As shown in FIG. 5, a plurality of gas injection means 5 can be installed in parallel in the vertical direction. The number of jetting means per transport device can be appropriately changed depending on the length and width of the transport device, but is preferably 1 to 4. When the width of the air slider 1 is large, the fluidity of the powder is made uniform by increasing the number of ejecting means.

For example, in the present invention, when the width of the air slider 1 is 25 centimeters or less, the number of ejection means is preferably 2. However, when using powder having adhesion or cohesion, the number of injection means can be increased to four.
Here, FIG. 6 and FIG. 7 show the case where three jetting means are installed per transport device. As shown in FIG. 7, two metal pipes of the jetting means 5 are installed in parallel in the longitudinal direction so as to be mounted in contact with both ends of the punching plate 3b which is the upper surface of the air slider 1, and the air pipe is placed above the transport device. One is installed at a position away from the slider 1. It is also possible to change the length of the gas injection means installed above and below. The gas injection means close to the air slider can be made longer by using the mechanical support around the air slider as compared with the gas injection means installed at a distant position.

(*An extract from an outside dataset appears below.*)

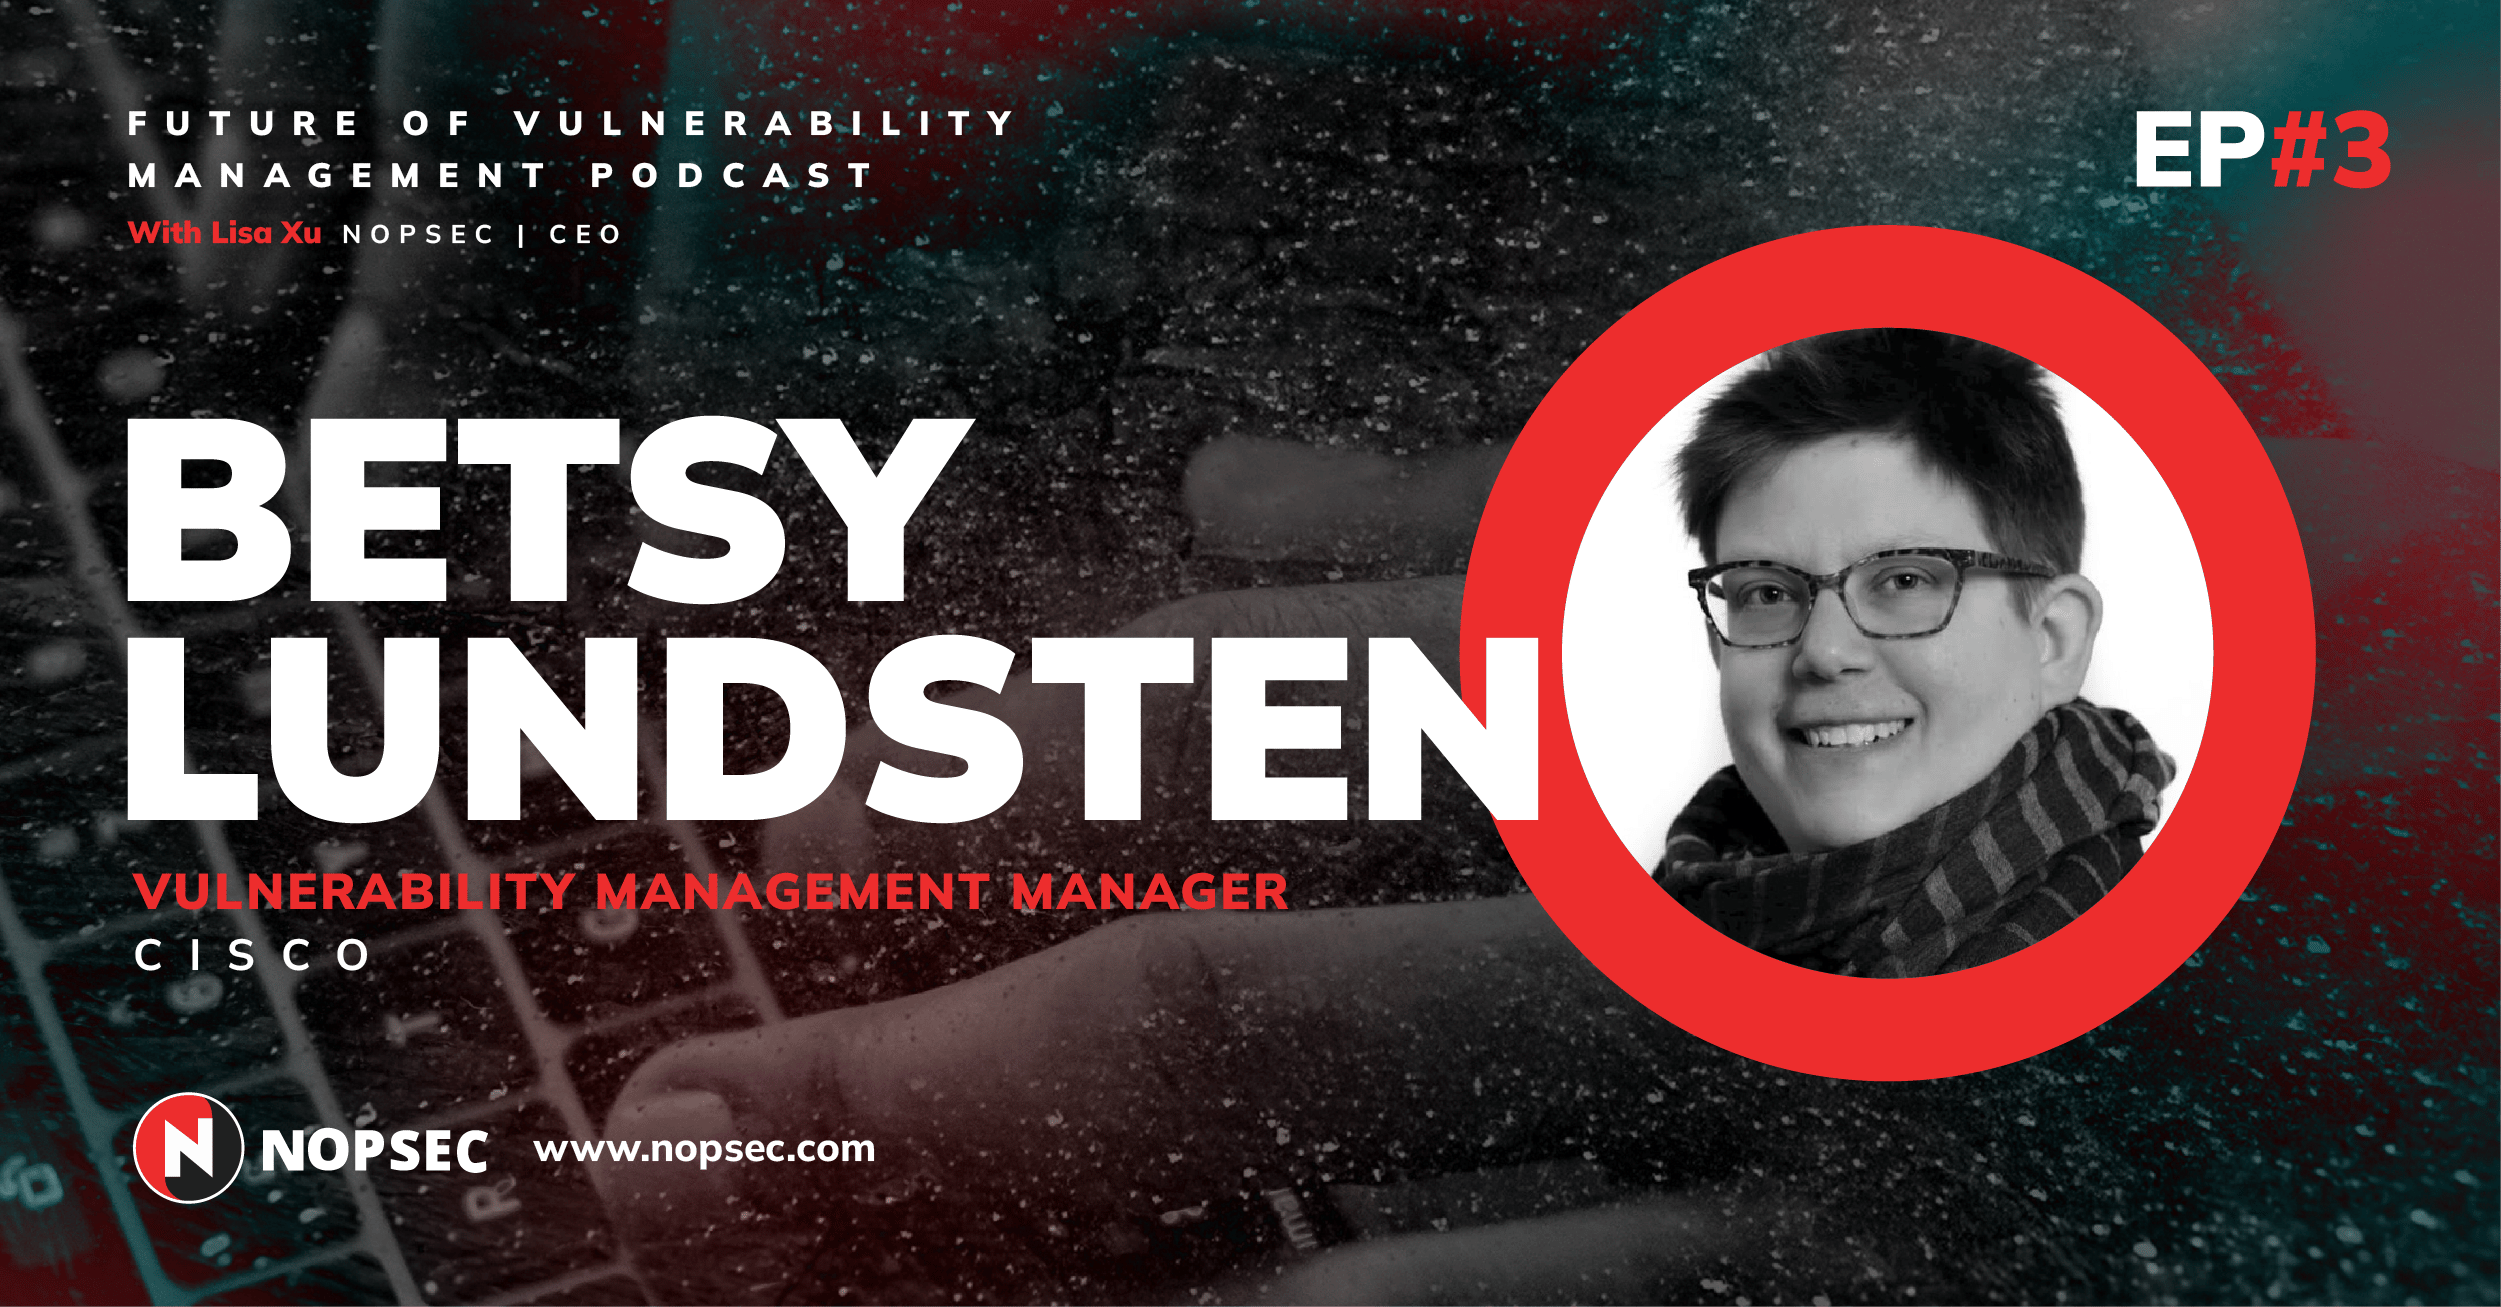 Future of Vulnerability Management Podcast Episode 3 Featuring Betsy Lundsten

It is preferable that the gas injection means is installed at a position 0.1 to 4 times higher than the width of the transport device. Here, the width (D) of the transport device refers to the length of the air slider in the short direction. When the gas injection means 5 is installed at a position having a length exceeding four times the width of the transport device, it is not preferable because the powder clogging may proceed between the air slider 1 and the injection means 5.

The length of the gas injection means 5 should be 0.8 to 2 times the longitudinal length (L) of the air slider 1 in consideration of powder fluidization, economy, construction and maintenance. preferable. Also, as shown in FIG. 2, the length of the air slider and the gas injection means can be the same from the center of the tunnel 13 for the collective transport to the outer wall 10 of the silo. . The lengths of the air slider and the gas injection means near the both ends of the tunnel 13 for the collective transport aircraft are relatively shorter than the central portion. Thus, while the length of the conventional air slider is along the arc of the silo as shown in FIG. 9, it can be made into a short comb shape by the present invention, and maintenance is also performed. It is also advantageous in terms of economy.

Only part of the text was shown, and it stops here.